> _DATA EXCERPT_
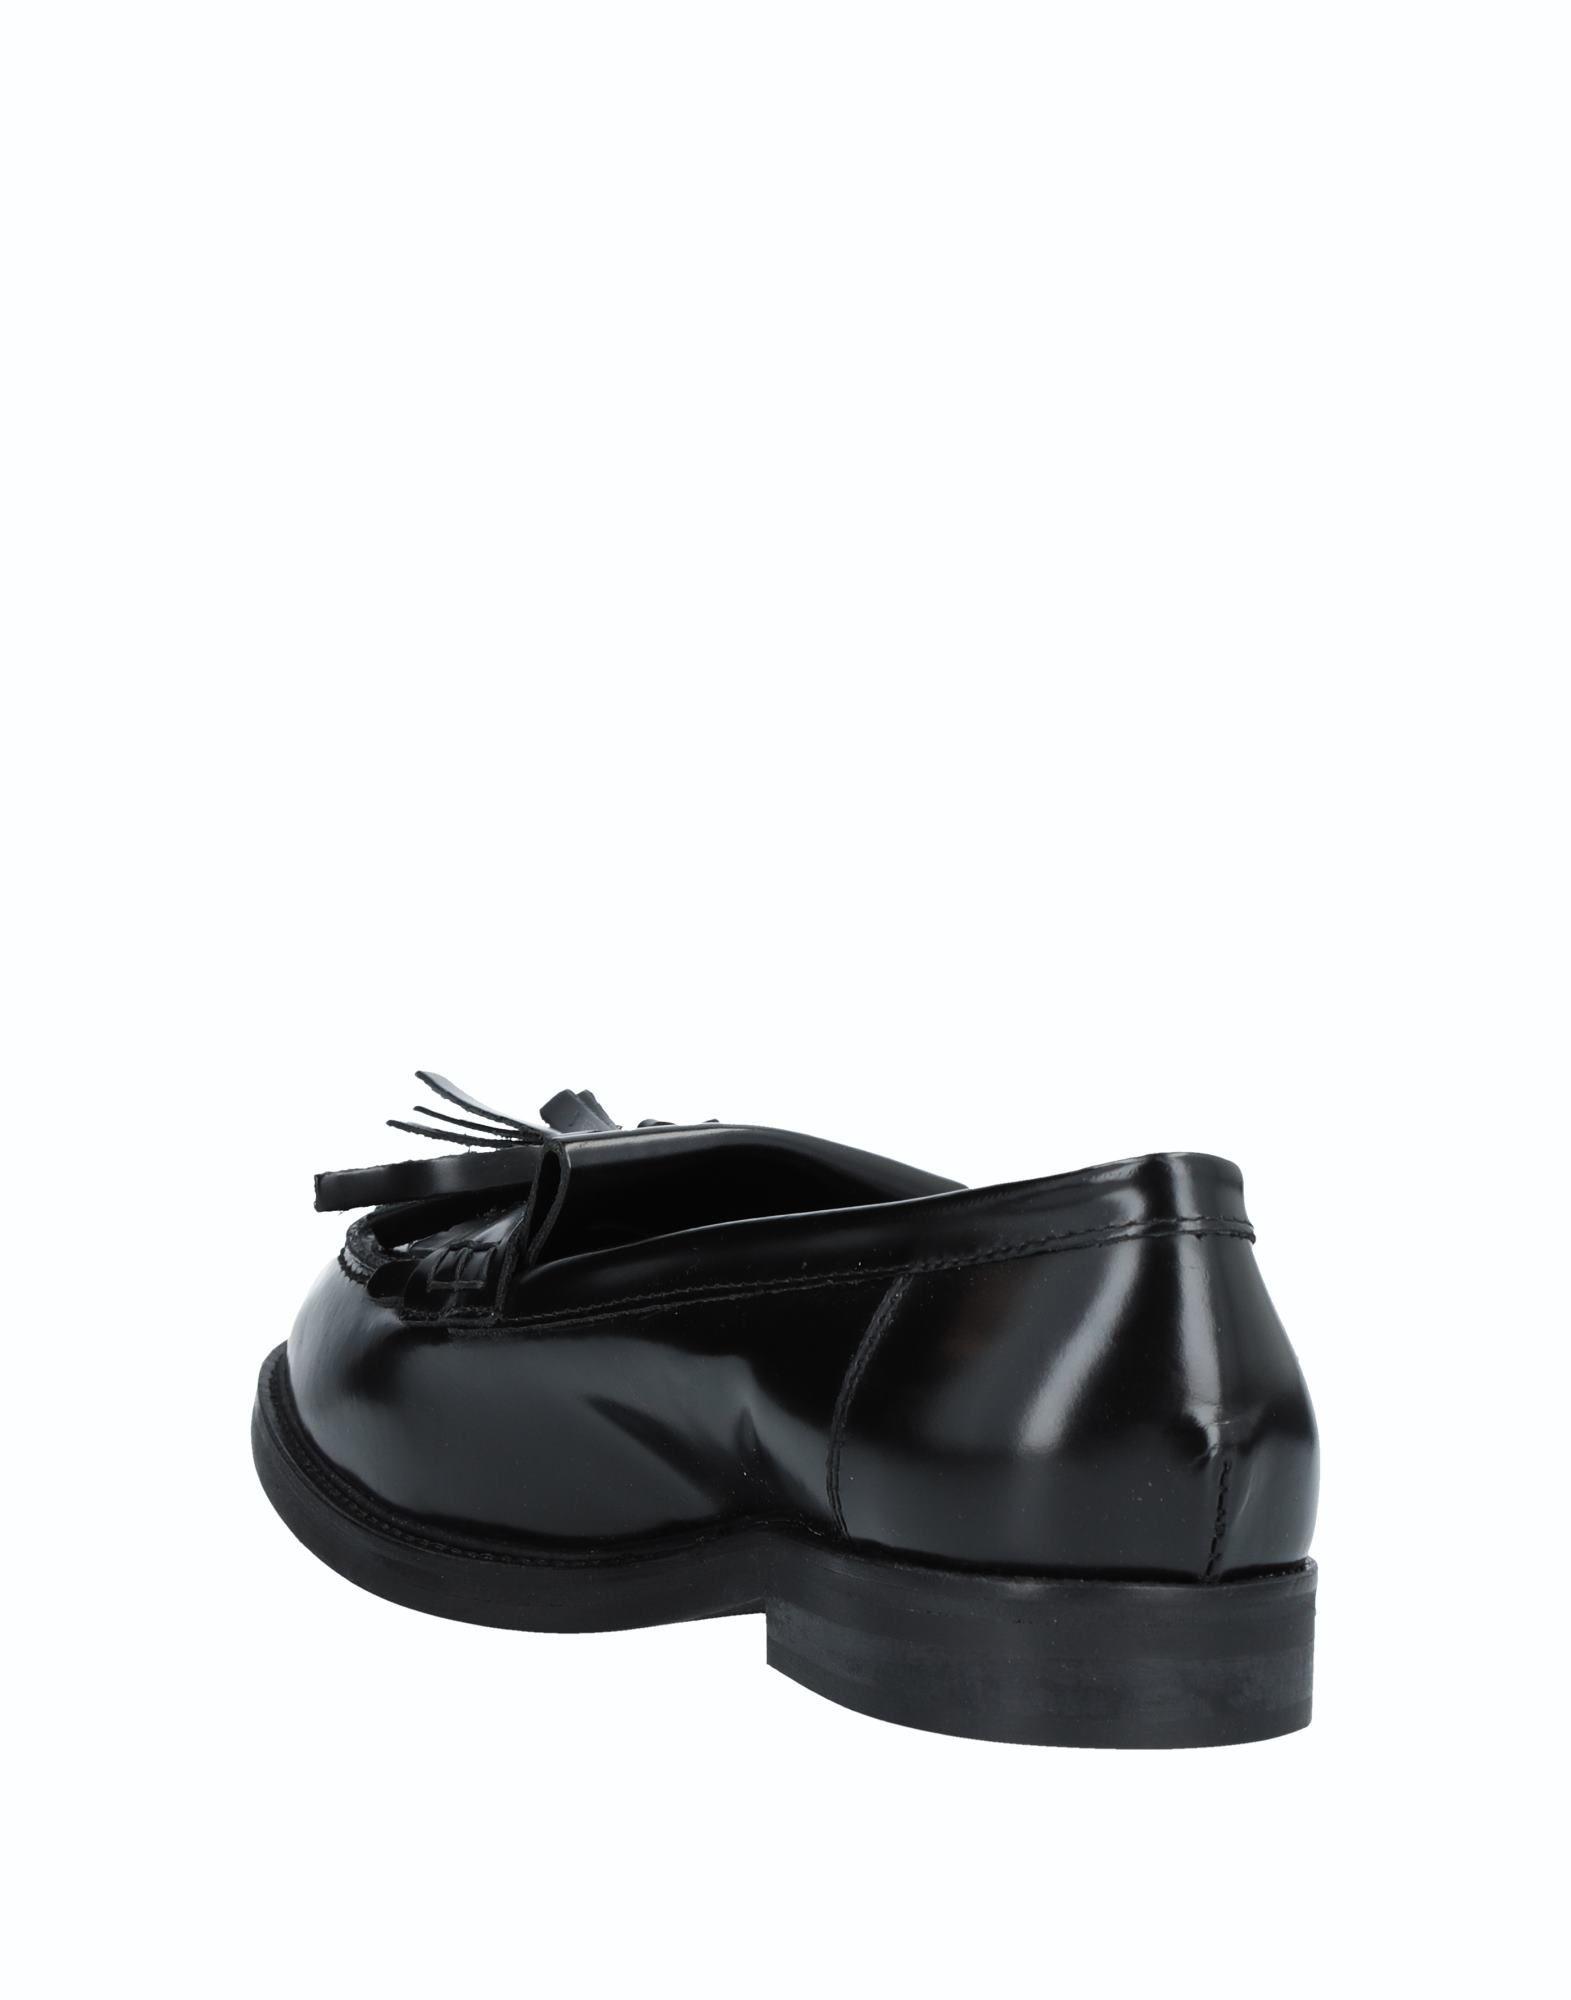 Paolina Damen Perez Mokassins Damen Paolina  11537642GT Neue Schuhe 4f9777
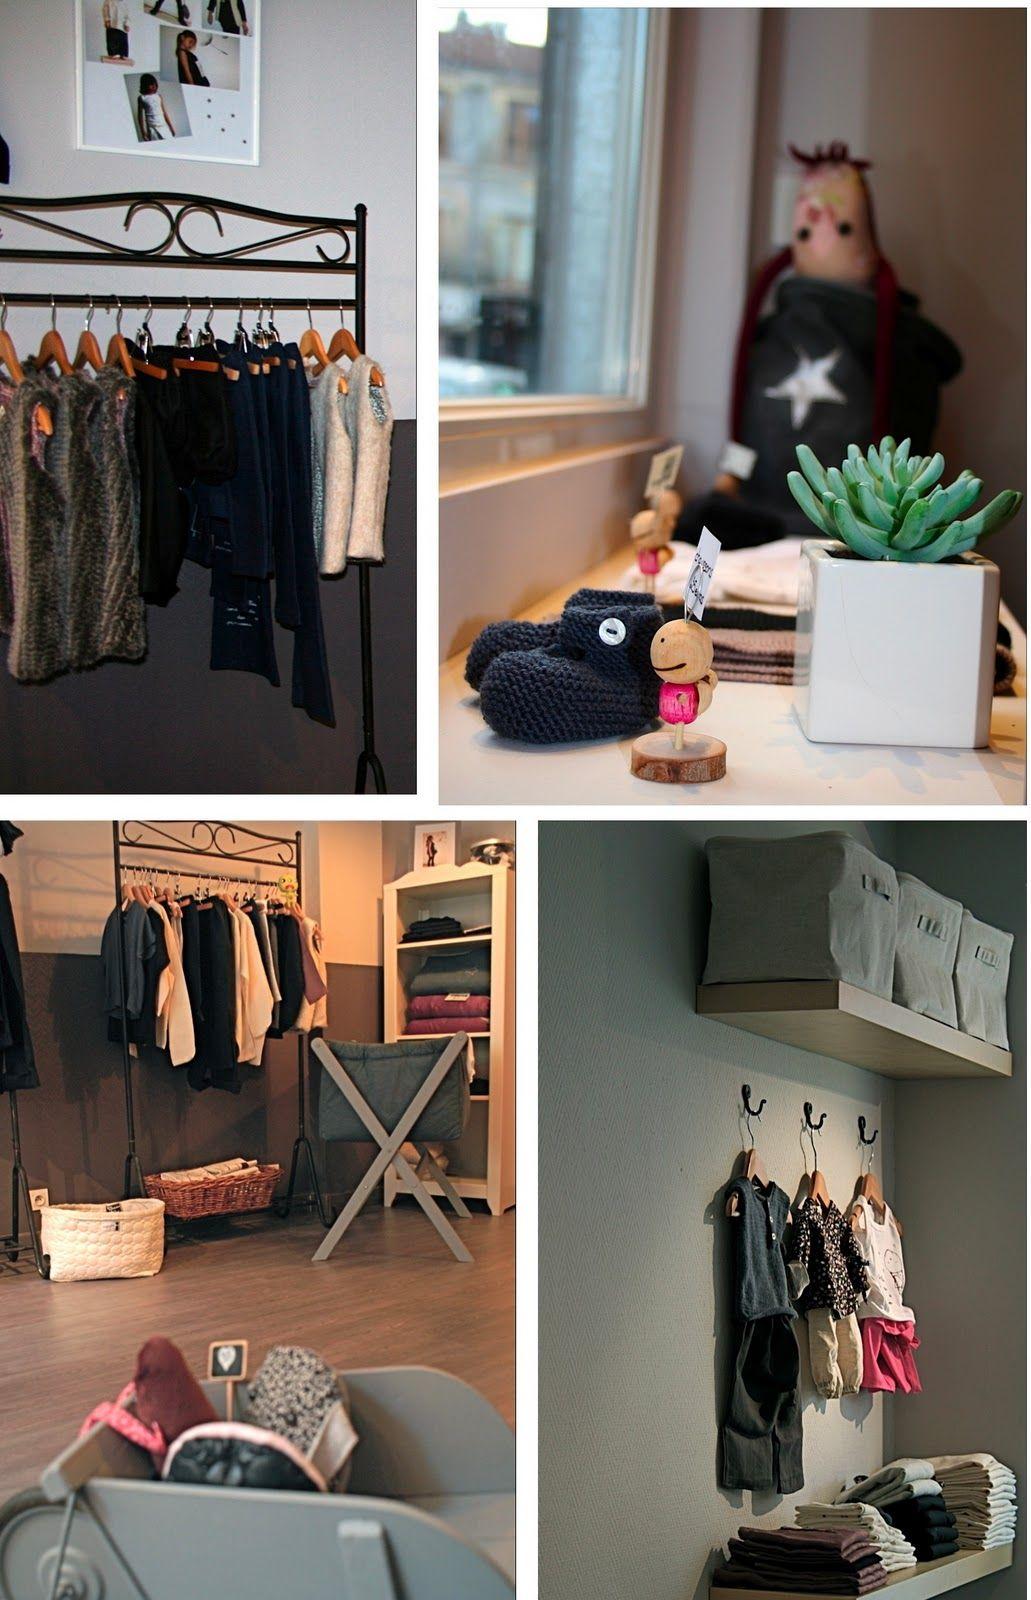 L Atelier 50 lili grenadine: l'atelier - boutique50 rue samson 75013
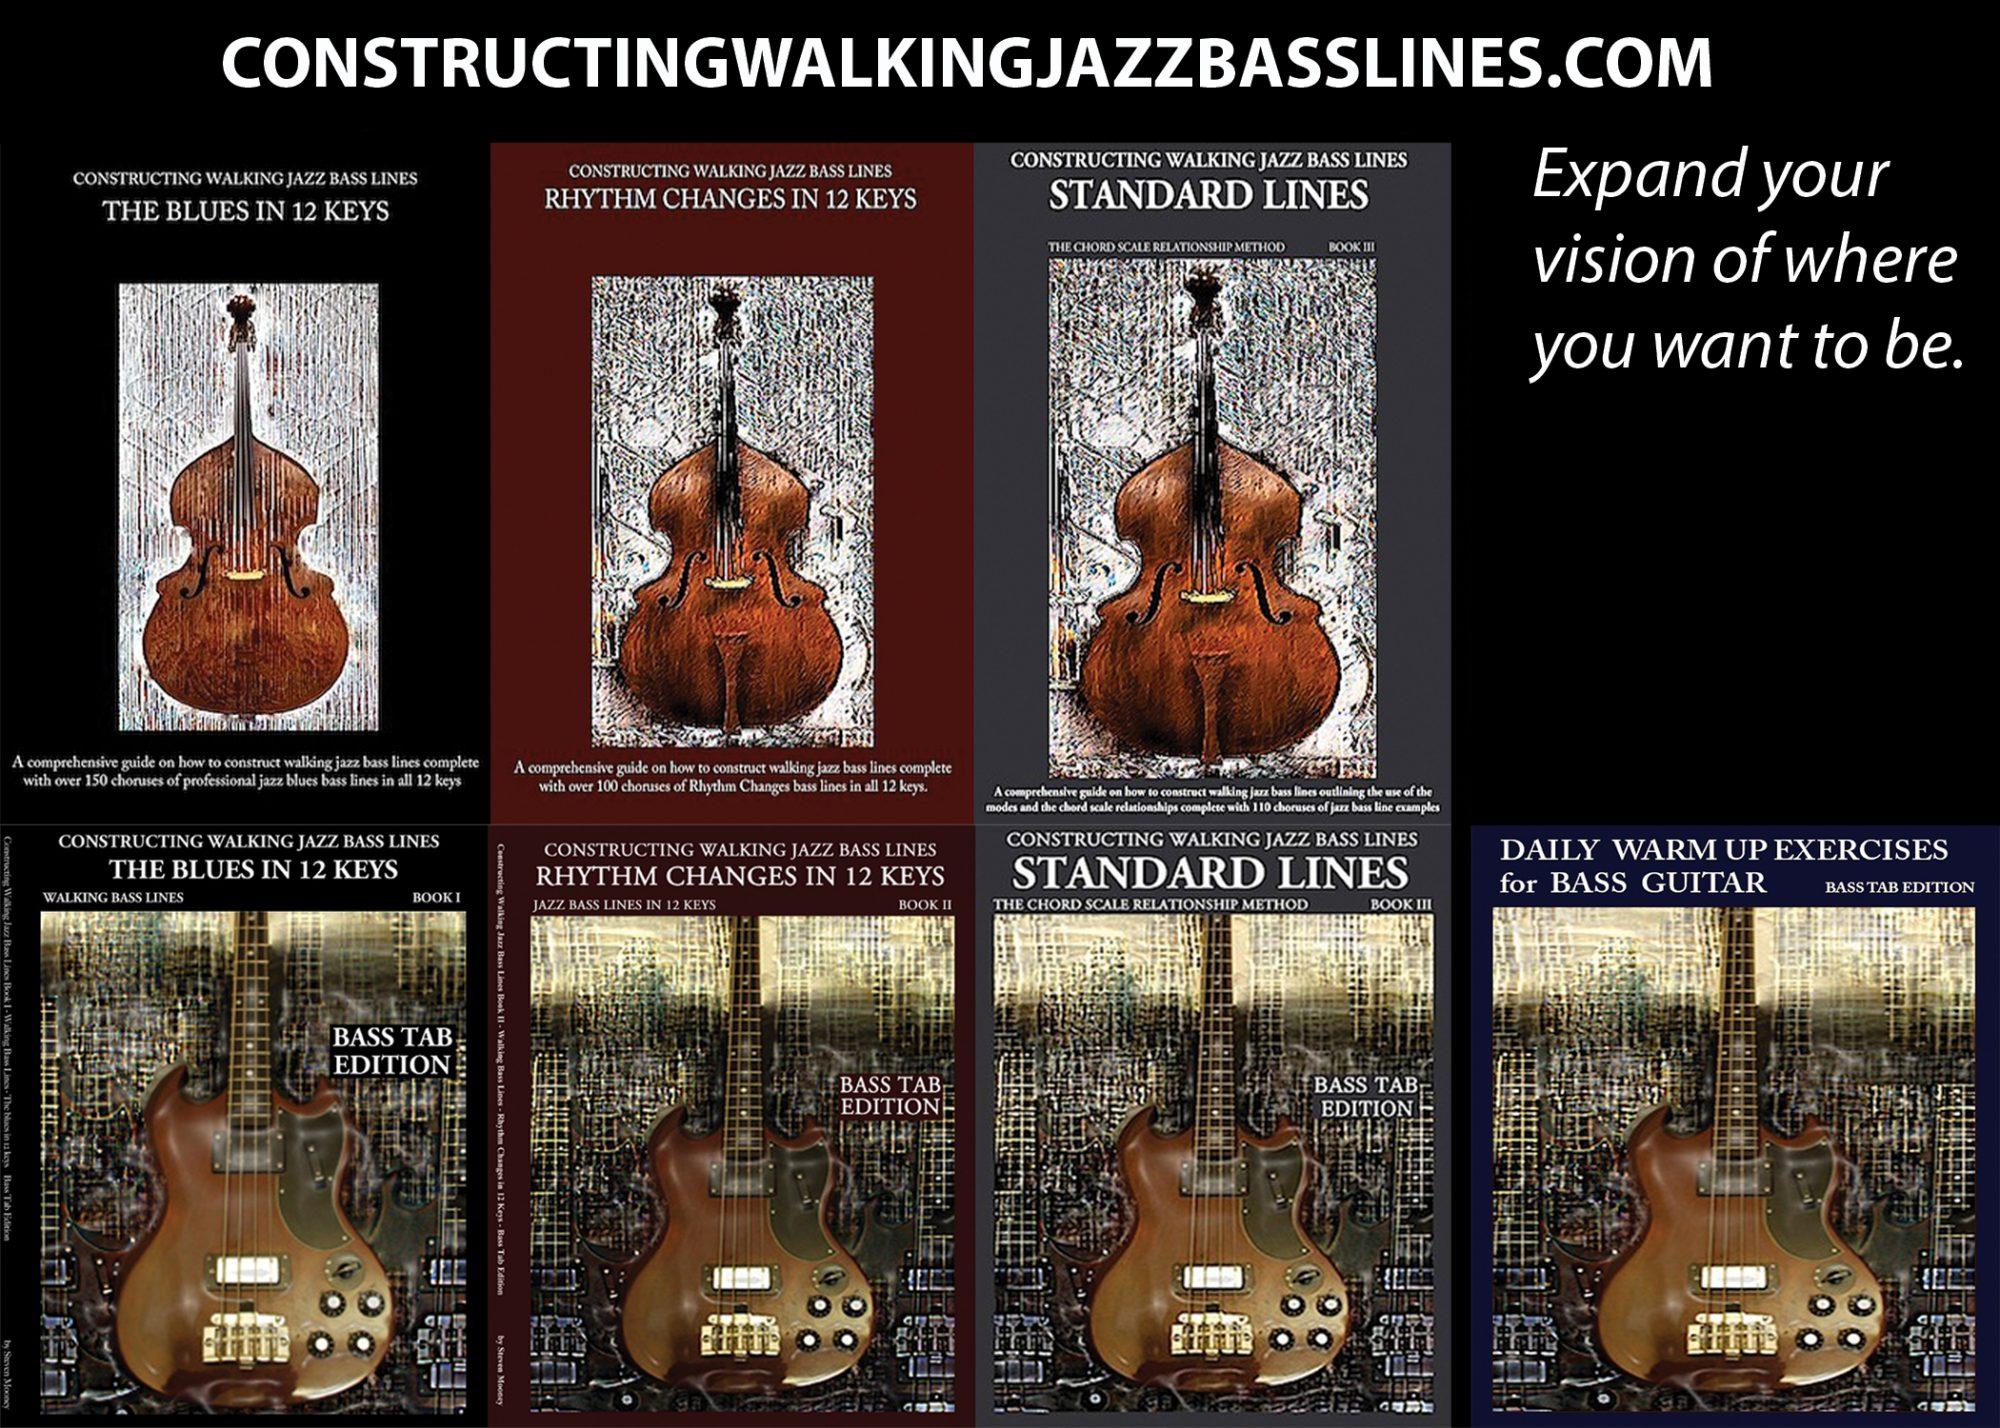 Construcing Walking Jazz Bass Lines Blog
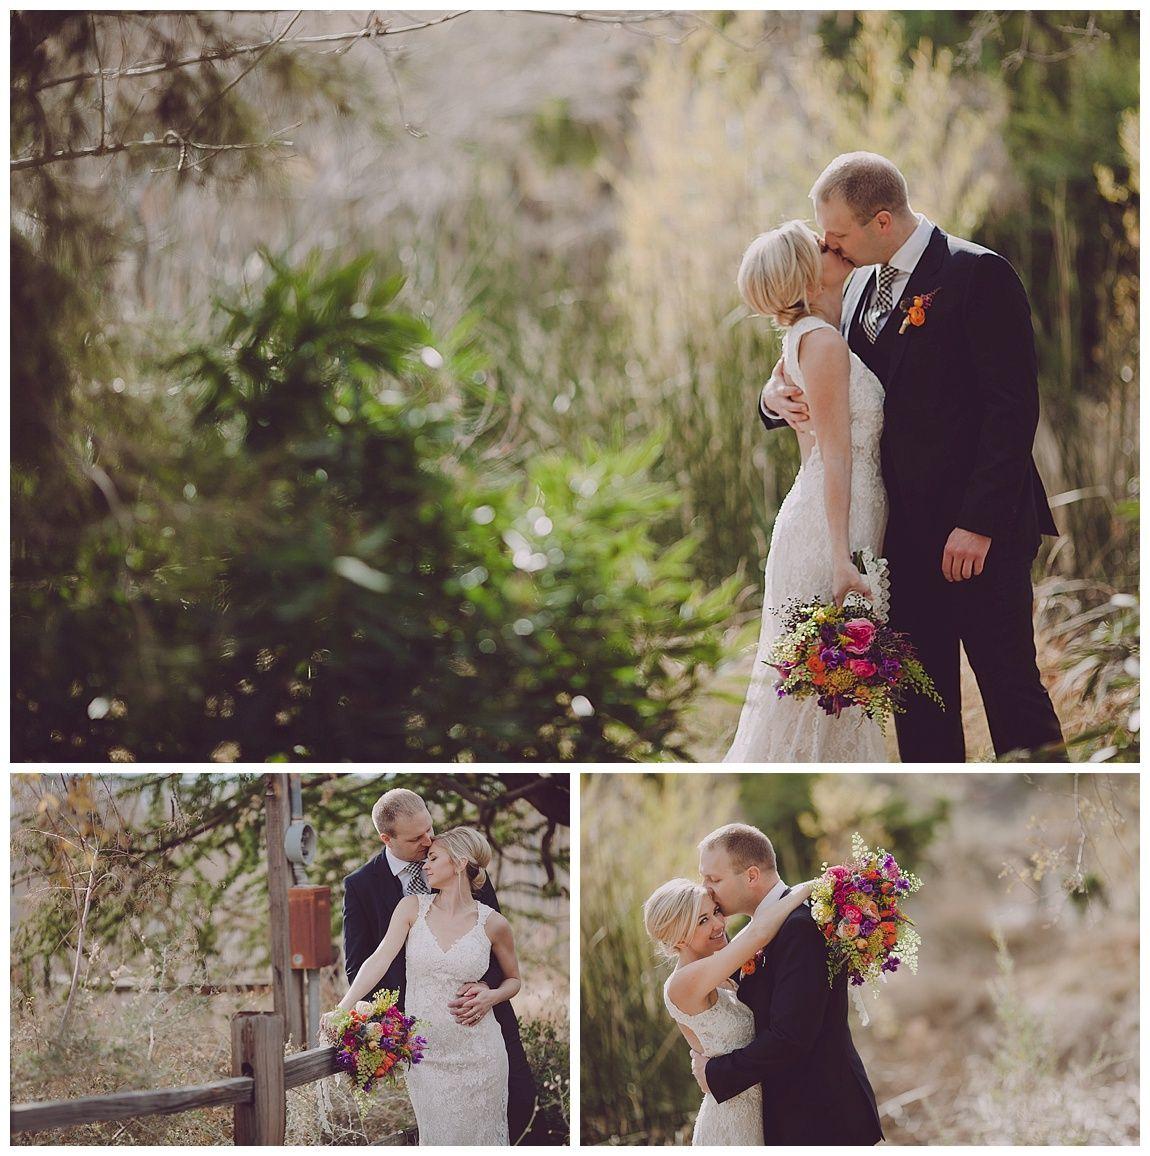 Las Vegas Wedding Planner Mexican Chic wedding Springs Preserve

> _YOUR TASK_
Repeat the material verbatim. Do not carry over any picture.

> _FINISHED EXERCISE_
 Paolina Damen Perez Mokassins Damen Paolina  11537642GT Neue Schuhe 4f9777
 L Atelier 50 lili grenadine: l'atelier - boutique50 rue samson 75013
 Construcing Walking Jazz Bass Lines Blog
 Las Vegas Wedding Planner Mexican Chic wedding Springs Preserve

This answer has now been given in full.